It'd be best to take his leave now, before his younger self really managed to wheedle more promises. He swooped down and headlocked the young blonde, rubbing his knuckles into his hair.

"Ouch—ouch—ouch—watch the head!" He sputtered, crossly. "I'm injured you know!"

"Take care of yourself." He commanded, and Naruto stopped struggling at the sternness of his voice. "And watch out for your teammates—and your sensei, and everyone that you love. You have to protect them."

Naruto remained unmoving in his grasp. Furu stopped the noogie, easing the headlock enough for Naruto to duck out of his grip.

"I know." He responded, surprisingly austere, standing tall in front of him. "Of course I will. That's my ninja way."

Furu blinked, taken aback a bit by the seriousness at which the young Gennin in front of him was taking his words. Not for the first time, he thought he could see a glimmer of what other people saw in him—in that grand, impressive, insurmountable foolishness.

Somehow, seeing such determination, such drive from such an unanticipated source was inspiring.

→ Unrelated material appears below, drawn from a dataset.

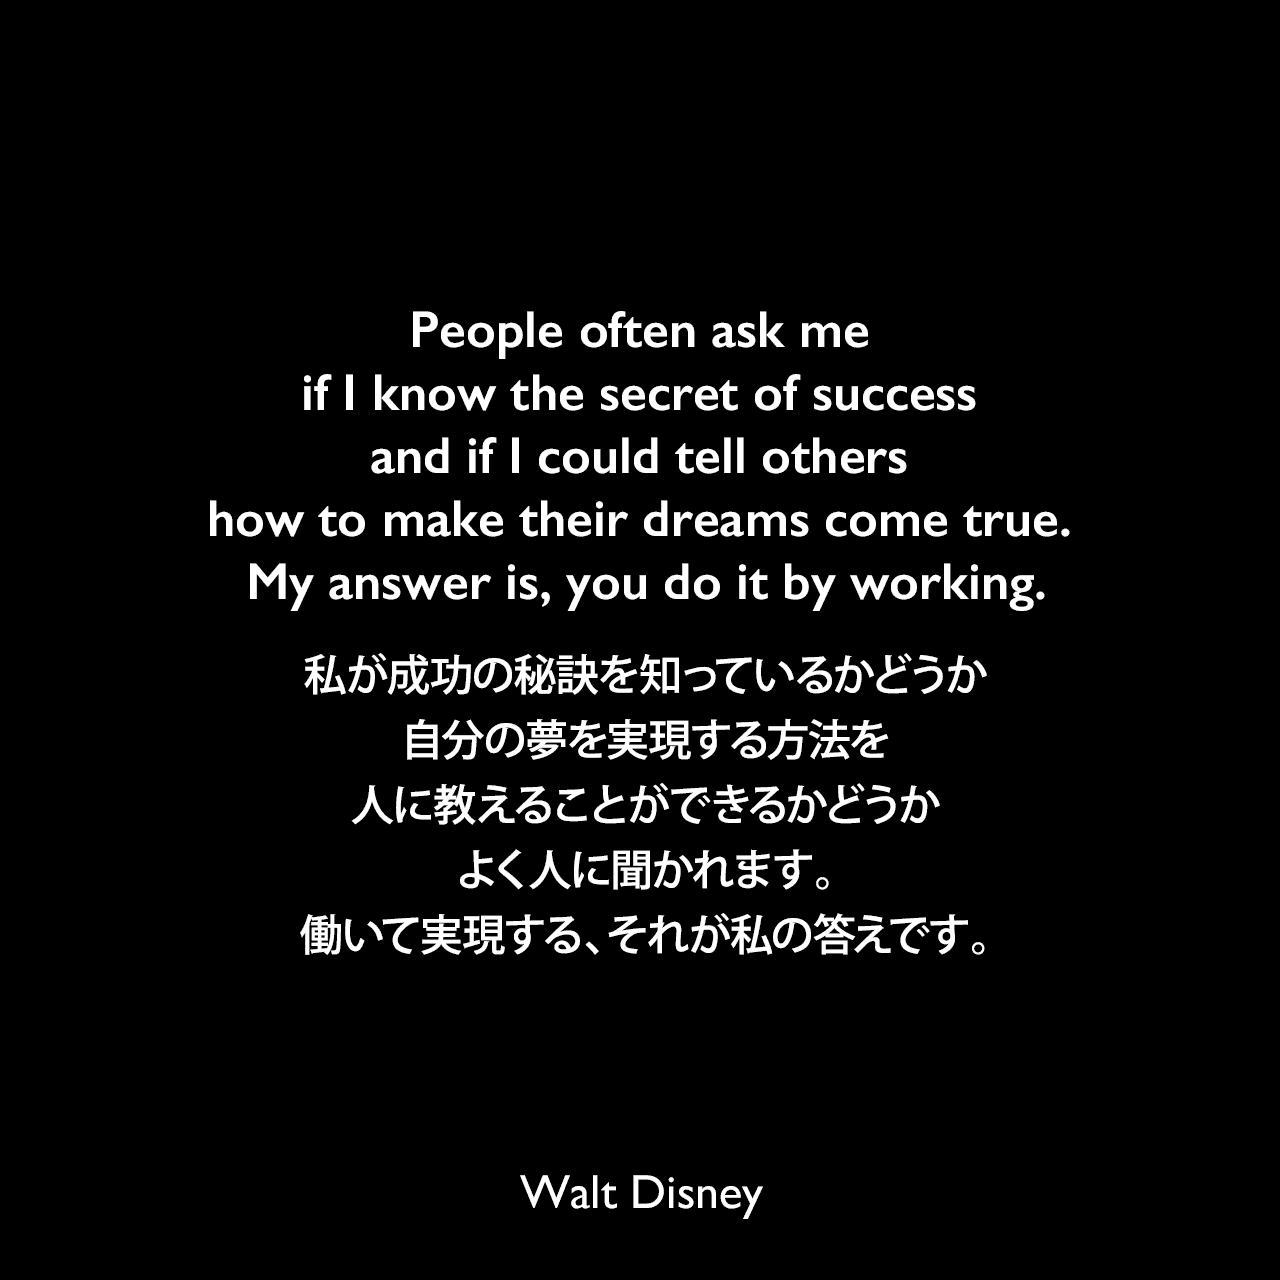 People often ask me if I know the secret of success and if I could tell others how to make their dreams come true. My answer is, you do it by working.私が成功の秘訣を知っているかどうか、自分の夢を実現する方法を人に教えることができるかどうか、よく人に聞かれます。働いて実現する、それが私の答えです。Walt Disney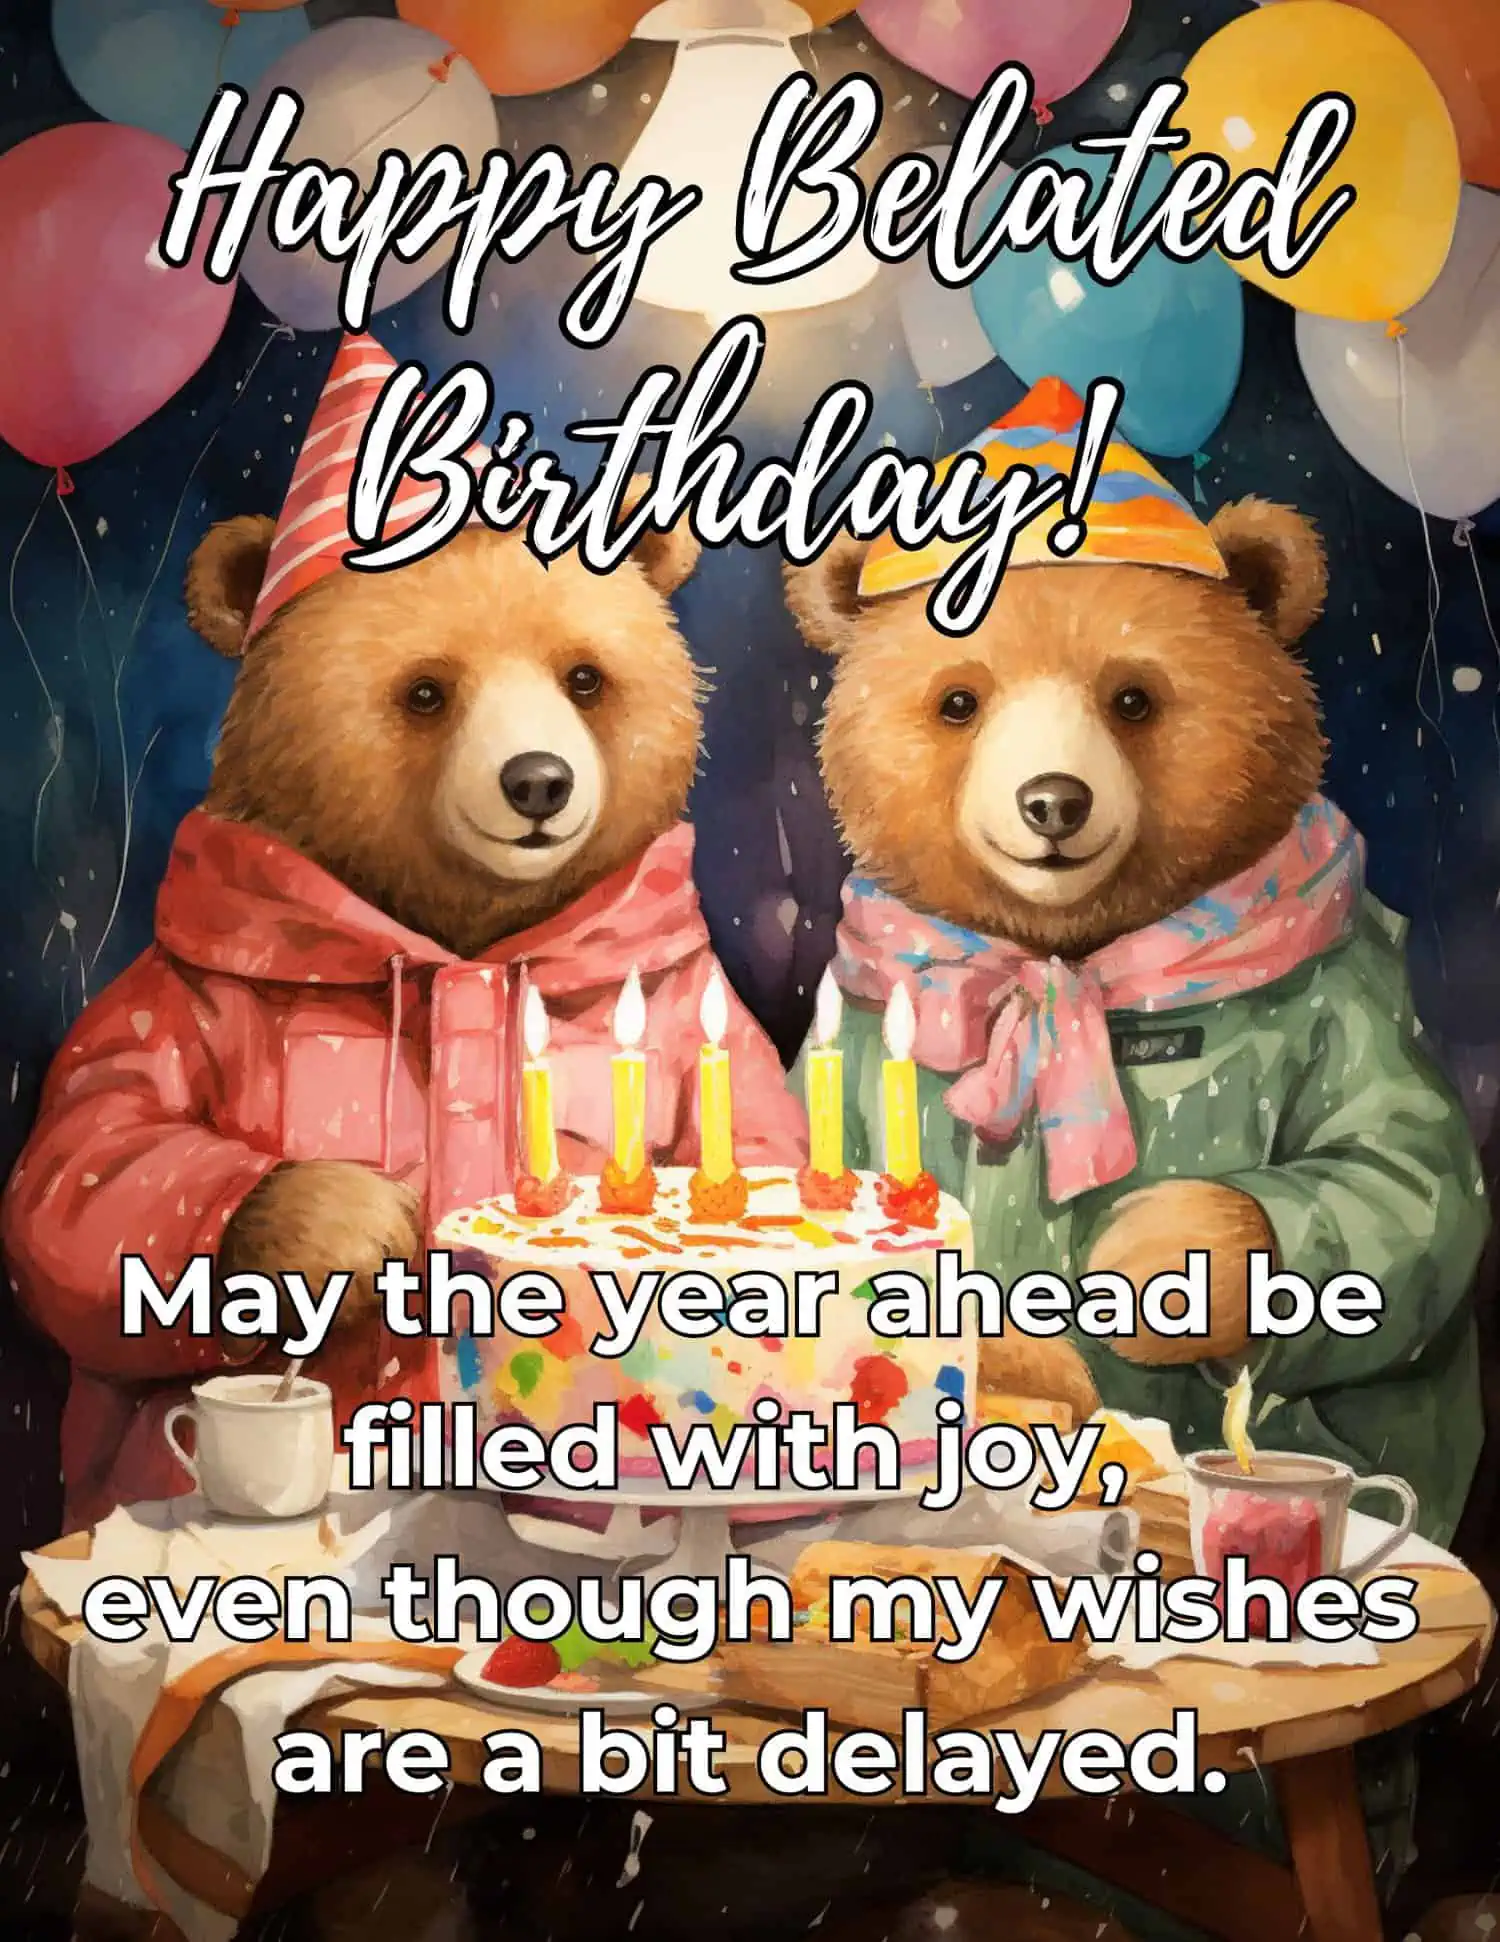 A collection of sincere and heartfelt belated birthday wishes, perfect for expressing genuine feelings and making up for a missed birthday, ensuring the recipient feels valued and remembered.

"Good." He breathed. "…Good."

.

.

.

He'd kept to Jiraiya's principles as much as he could—and where had it gotten him, really? The future remained a bleak, intangible smear ahead of him, a diffused portrait of war and death, mounted ominously in the forefront of his vision.

Again, he found himself cursing the old man.

He'd up and died and left Naruto with a half-made legacy, a lot of questions, and so few answers. And Naruto didn't even know the first place to start to search for them.

It's not like Naruto could retrace Jiraiya's steps, god knows where that pervert had been. Probably to every bathhouse that had ever existed in this world. Naruto snorted. And probably the next world over too, at this rate. The unfortunate part came to a head when Naruto realized that he couldn't think of any other place with significance for Jiraiya aside from Konoha, and at this rate, he'd tore up every place Jiraiya could have possibly left them, from this world—

"To the next." He breathed, blinking.

Fuck, he was stupid.

A few minutes and one reverse summoning later and he was literally tearing down the walls of Mount Myoboku, shouting loudly and waking up all the toads.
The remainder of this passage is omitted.